Чрезвычайное положение — страница 24 из 45

Двадцать шестого июня 1952 года оба конгресса начали кампанию неповиновения несправедливым законам. Они руководствовались гандистской концепцией гражданского неповиновения и полностью отвергали насилие. Африканцы и индийцы преднамеренно нарушали тот или иной закон апартеида и таким образом провоцировали аресты.

Эндрю узнал о начавшейся кампании из газет и обсудил все до мелочей с Эйбом. Очень многое в организации кампании их не устраивало, поэтому они отказались от активного участия в ней.

Однажды в конце августа, возвращаясь из школы, на Кейптаунском вокзале, возле киоска с мороженым, он увидел небольшую толпу. Она разрасталась все больше и больше, и Эндрю тоже решил посмотреть, что происходит. Из разговоров он понял, что только что было арестовано несколько участников кампании за то, что они демонстративно заняли купе, предназначенное только для белых, и что теперь полиция пытается отвести их в участок. То и дело раздавались возгласы «Свобода!», «Африка!», и собравшиеся поднимали вверх большой палец. В мгновение ока Эндрю протиснулся сквозь толпу. Полиция надела на арестованных наручники, теснила и толкала участников кампании. Среди них Эндрю увидел Джастина. Он шел с гордо поднятой головой, не желая убыстрять шаг. Джастин тоже заметил Эндрю и чуть заметно улыбнулся ему, подняв большой палец в конгрессистском приветствии.

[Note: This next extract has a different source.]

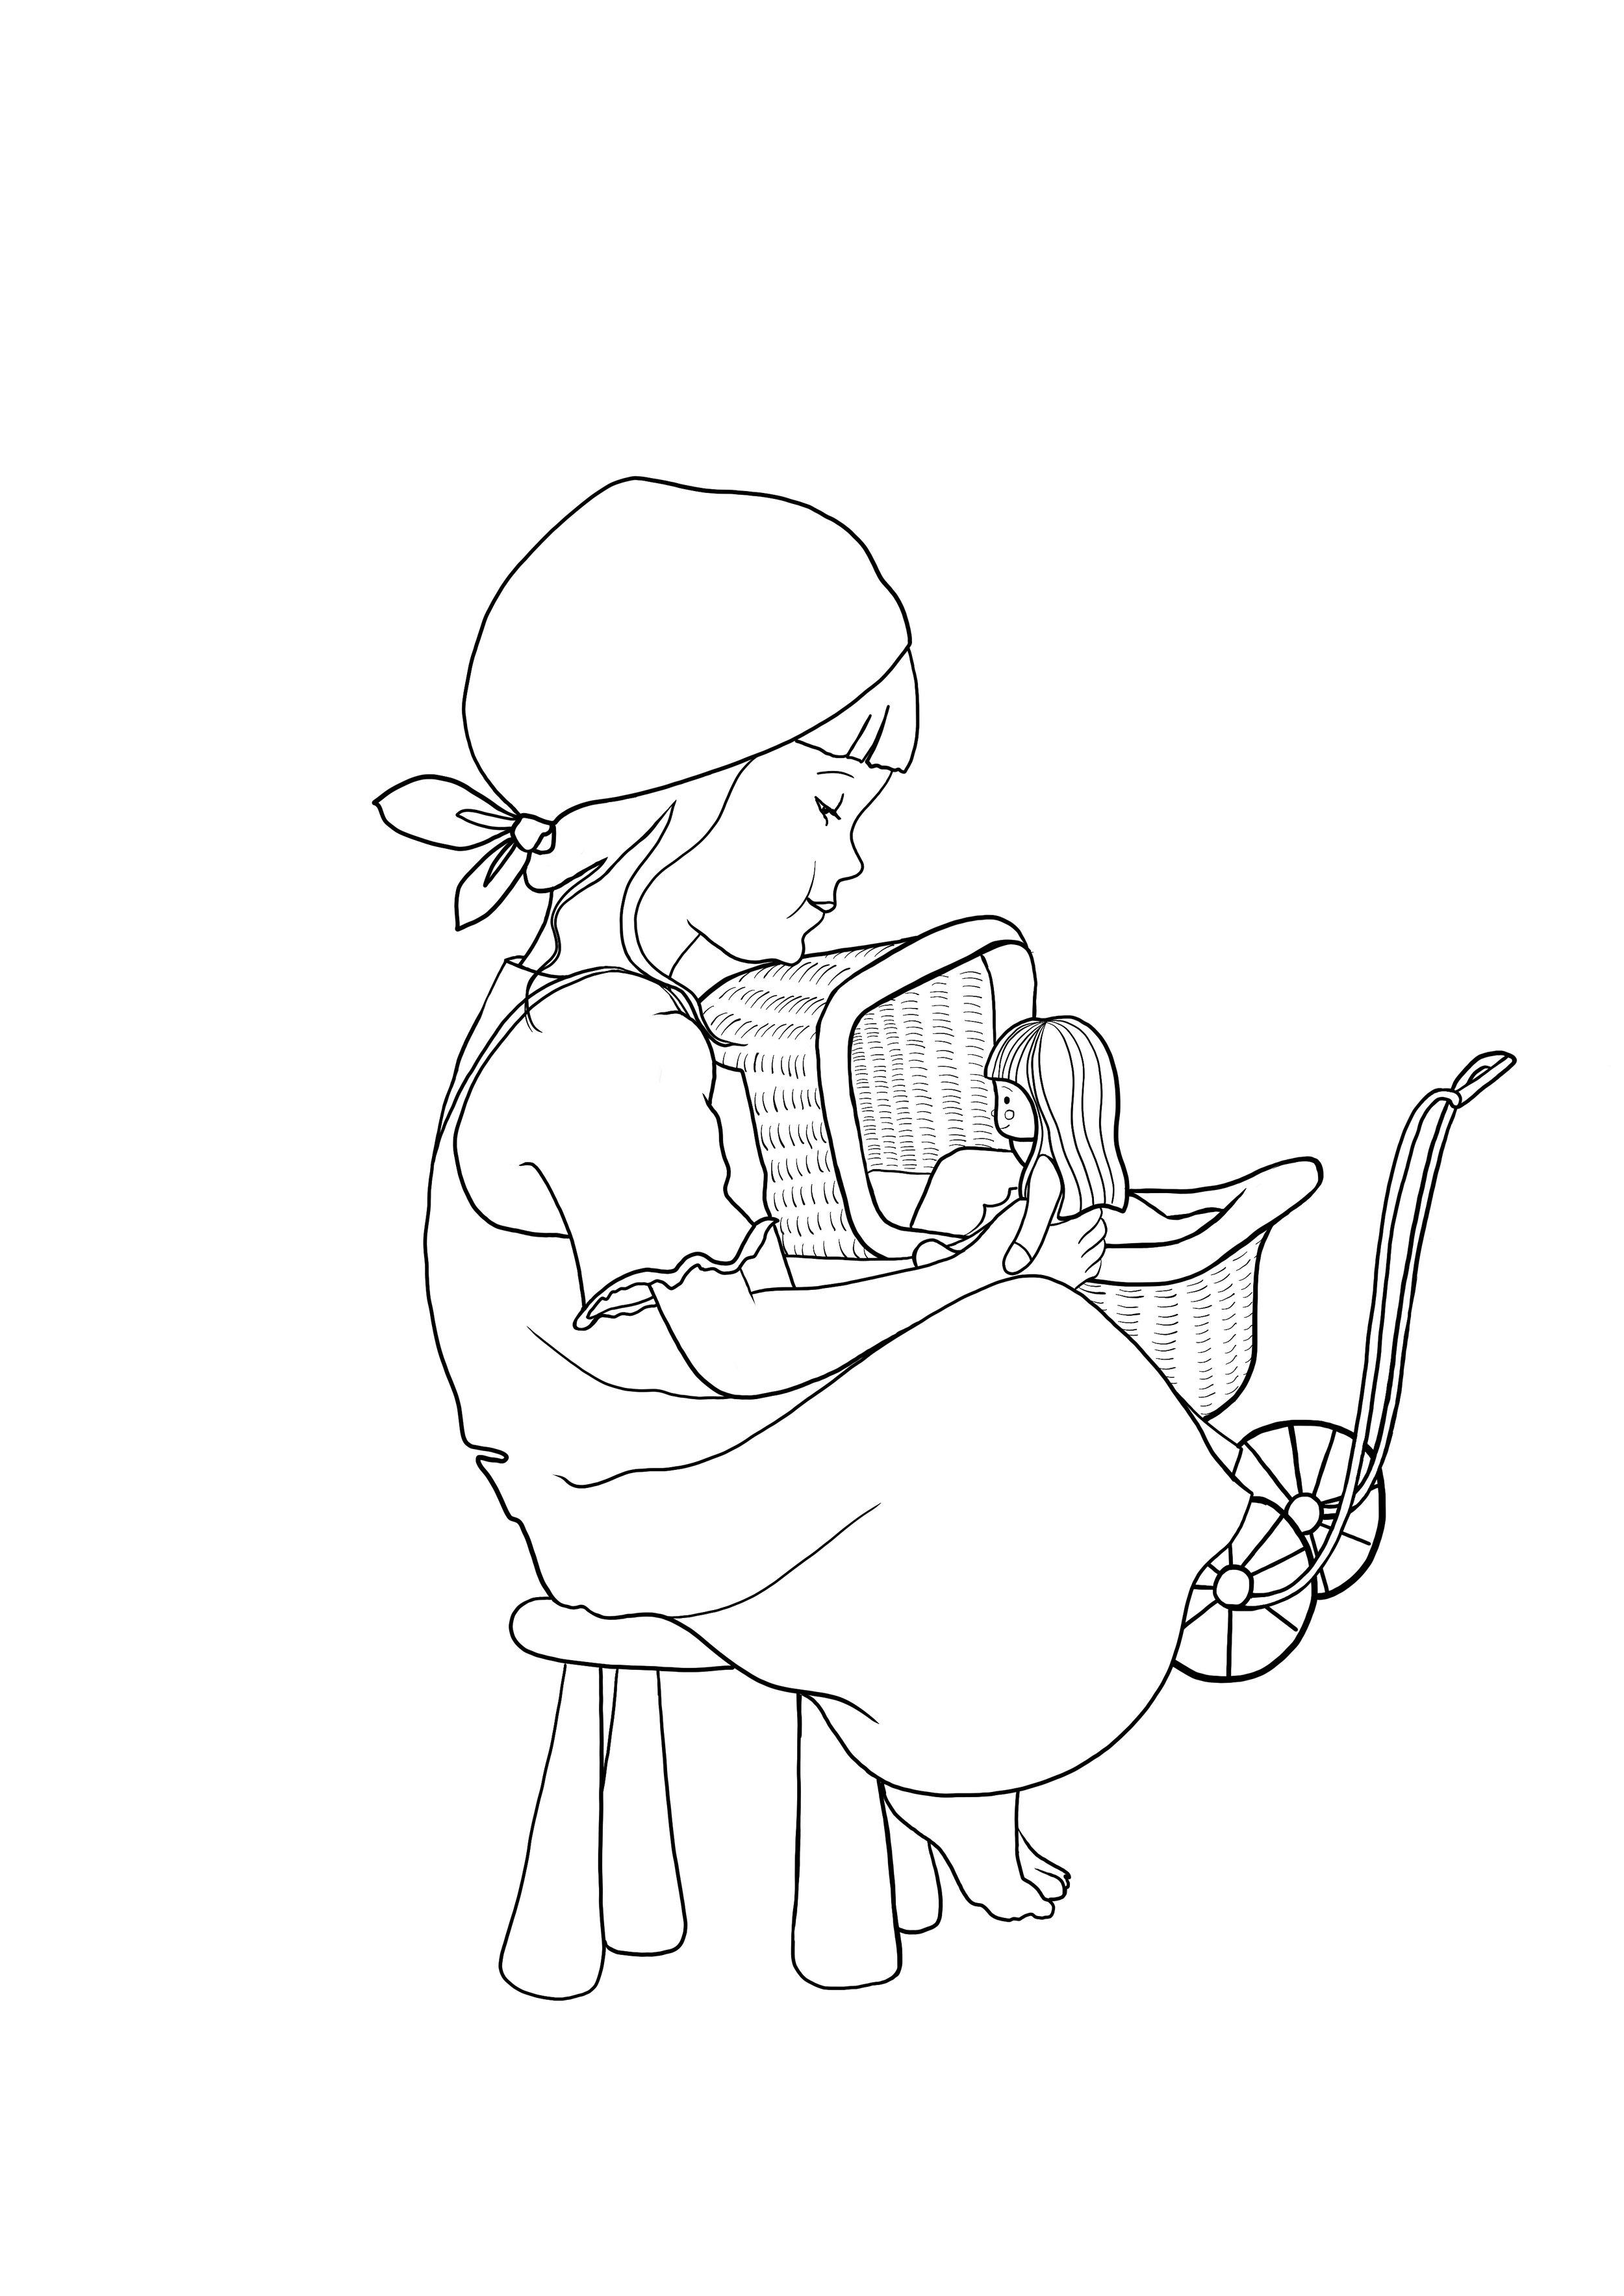 Ilustración_sin_título-4.jpg

Удивленный и ошеломленный, смотрел Эндрю, как Джастина и других уводят в тюрьму, и не мог в полной мере осознать, что происходит. И вместо того чтобы отправиться домой, он пошел к Эйбу.

— Помнишь, в прошлый вторник мы говорили о кампании неповиновения?

— Помню, — ответил Эйб.

— Тогда мы пришли к выводу, что это всего лишь очередная выдумка конгресса.

— Да.

— Сегодня я видел, как участников кампании вели в тюрьму.

— Что ты говоришь?!

— Среди них был Джастин.

— Кто?

— Джастин Бейли.

— Ну и что?

— Когда видишь близкого друга в наручниках, все предстает в ином свете.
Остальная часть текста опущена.